# 2lb 10oz Crappie



## drill instructor (Feb 27, 2011)

Caugth this nice one today in 3ft of water trolling jigs and corks. Had a 2lb 14oz yesterday but havent got a good picture yet.


----------



## Jody Hawk (Feb 28, 2011)

That's a nice slab. Hope to catch a few myself soon.


----------



## RickD (Feb 28, 2011)

Thats a nice fish


----------



## Hut2 (Feb 28, 2011)

That's one big crappie, Congrats!


----------



## _BuckMaster_ (Feb 28, 2011)

Man Thats Some Of The Best Eating Fish The Good Lord Made!!!!


----------



## fredw (Feb 28, 2011)

Nicely done Drill Instructor.


----------



## maker4life (Feb 28, 2011)

Nice slab !


----------



## DaddyPaul (Feb 28, 2011)

Big ole speck!


----------



## Cottontail (Feb 28, 2011)

Now thats a Slab!! Congrats.


----------



## dawg2 (Feb 28, 2011)

Very nice!


----------



## Hoss (Feb 28, 2011)

Congrats on a good fish and a fine meal.

Hoss


----------



## milltown (Mar 1, 2011)

Nice one!


----------



## 27metalman (Mar 2, 2011)

Some of the pros call em pigs or hogs... I call em pics (put in cooler)!


----------



## hogtrap44 (Mar 2, 2011)

Good going there.
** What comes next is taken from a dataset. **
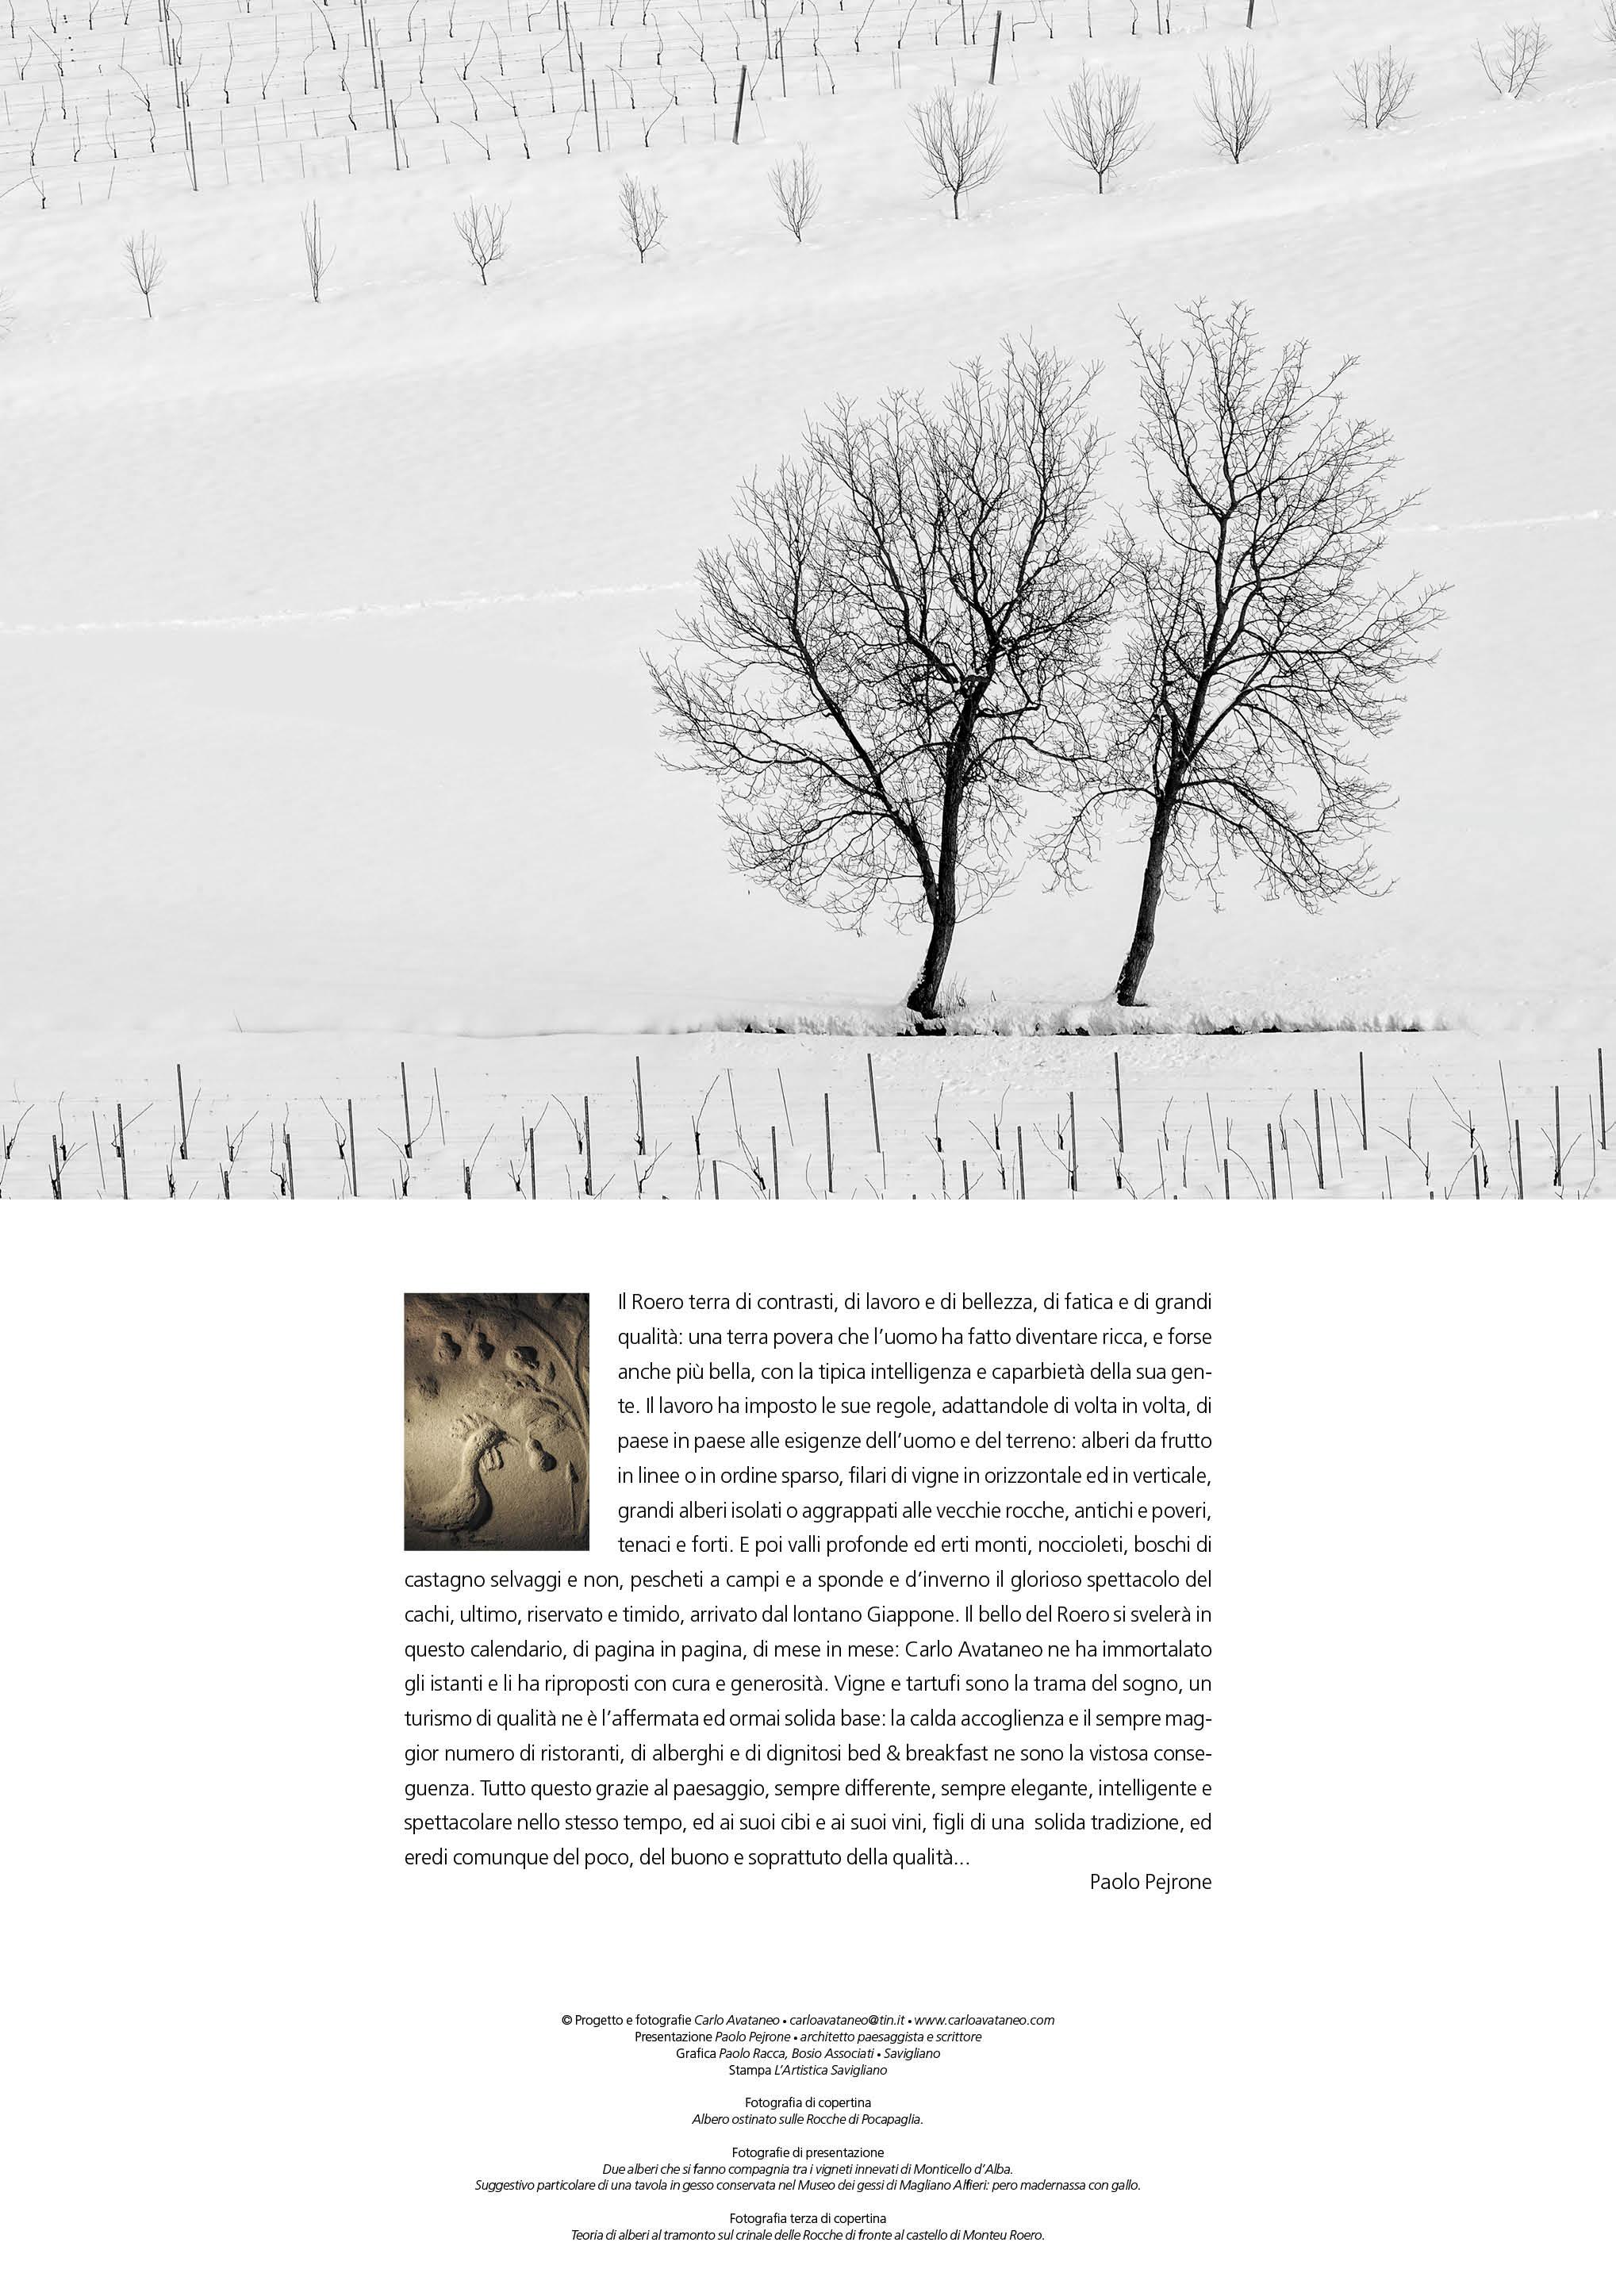 alberi del roero_cop 2016_b22.jpg
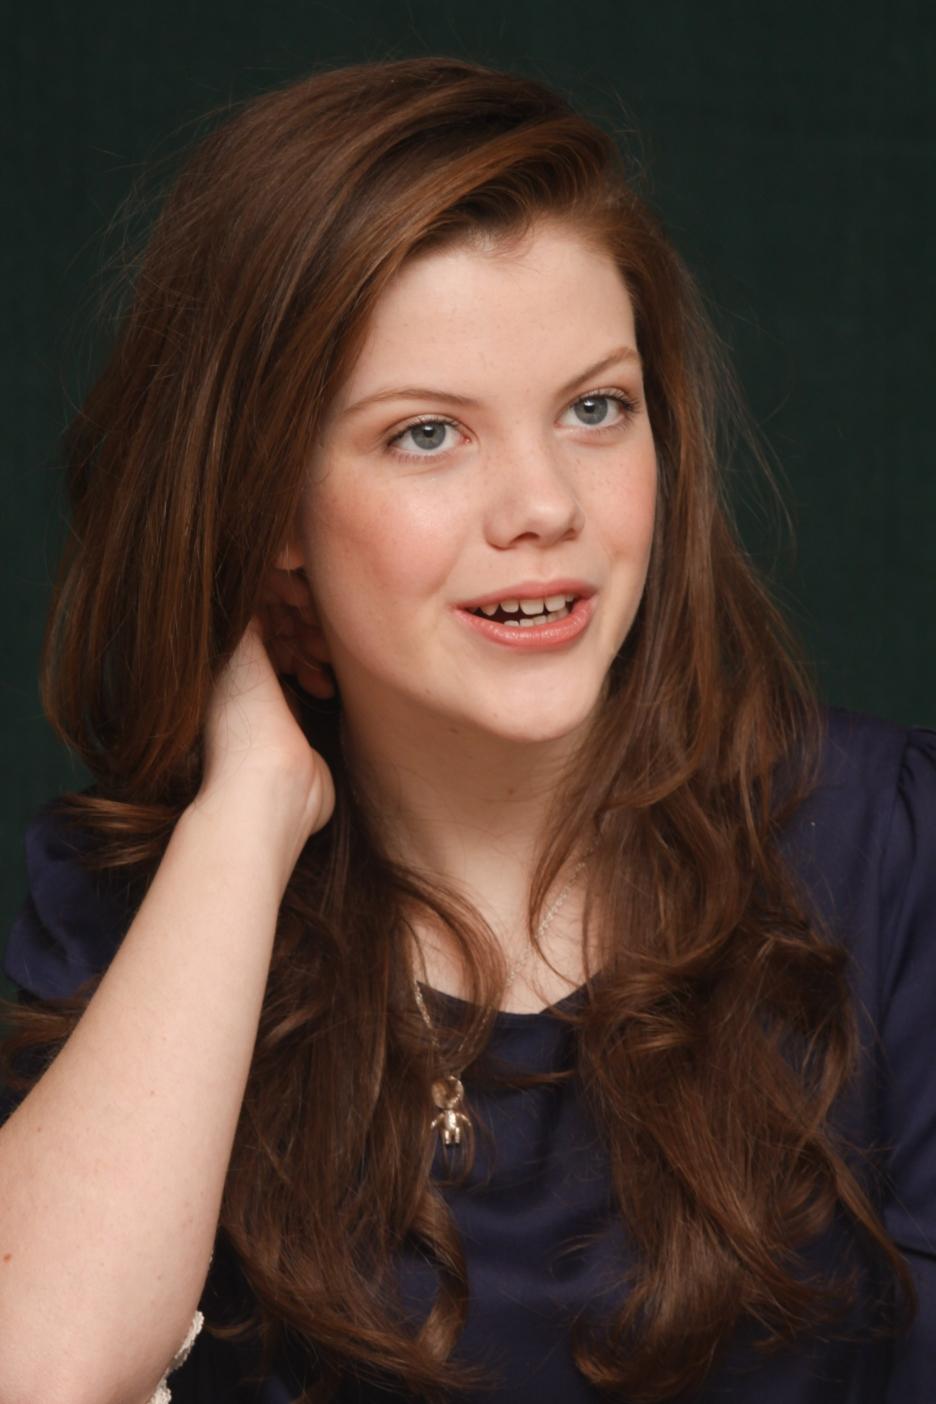 Georgie Henley (born 1995)

A cooler full of them and fixin' to be some good eating. Nice fish.


----------



## Illinoisbound (Mar 2, 2011)

Sweet!  Congrats!


----------



## Will-dawg (Mar 2, 2011)

Nice!!!!

So when is the fish fry?


----------



## Meriwether Mike (Mar 2, 2011)

Nice looking crappie!


----------



## trkyhntr70 (Mar 5, 2011)

thast a fine crappie!


----------



## arkie1 (Mar 5, 2011)

were they on the bed?


----------



## Luckybuck (Mar 5, 2011)

From large reservoir or local pond?  Nice one.  Last time I saw one close to this size I was on Oconee.


----------



## Razor Blade (Mar 5, 2011)

Thats a nice one for sure.


----------



## Jamey J (Mar 6, 2011)

Now that is a hoss & a good fry as well.


----------



## moose266 (Mar 9, 2011)

Nice slab.  My mom caught one years ago and we still have it frozen in the freezer.  I wanted to get it mounted for her but never have.


----------



## drill instructor (Mar 9, 2011)

Luckybuck said:


> From large reservoir or local pond?  Nice one.  Last time I saw one close to this size I was on Oconee.



Clarks Hill


----------



## drill instructor (Mar 9, 2011)

arkie1 said:


> were they on the bed?



Not yet but very soon.


----------



## win270wsm (Mar 9, 2011)

what were ya usin fer bait....12" rainbow trout? lol
Thats a nice slab there Drill!


----------



## drill instructor (Mar 9, 2011)

win270wsm said:


> what were ya usin fer bait....12" rainbow trout? lol
> Thats a nice slab there Drill!



Southern Pro Hot Grubs, best bait for trolling.


----------



## MTMiller (Mar 9, 2011)

man that's a barn door crappie.  very nice!  Congratulations on a fine catch.  You ought to come over to the freshwater fishing section and share some of that "crappie wisdom" with us.  I look forward to seeing that bigger one you caught.


----------



## Dead Eye Eddy (Mar 9, 2011)

That's a sho nuff slab right there.  I've caught several 1.8's and 1.9's, but I've only broken the 2 pound mark once.  I ate a 2.3 pounder a few years ago.  I should have gotten it mounted, but I wanted a 2.5 pounder on the wall.


----------



## Sultan of Slime (Mar 29, 2011)

Good One!


----------



## brownceluse (Mar 29, 2011)

Thats a slab for sure! Congrats!


----------



## Old Winchesters (Apr 1, 2011)

nice slab... congrats


----------



## Mud Minnow (Apr 1, 2011)

bring on the tar-tar!!


----------



## turk2di (Apr 5, 2011)

Now thats a slab!!


----------



## kennythebull (Apr 5, 2011)

Thats a pig crappie. I think imma order some  of those jigs.


----------



## JEREMY414 (Apr 11, 2011)

Nothing Crappie about that!


----------



## 3.5 YR-OLD BAMBI (Apr 11, 2011)

Jodi hawk did you find those mushrooms ? If so where? I was up in Ohio a few springs ago and that was the first time I have ever seen them or heard of them. Everyone up there goes looking for them like they are gold or something. I guess they kinda are like gold people were selling them for $20 a pound.


----------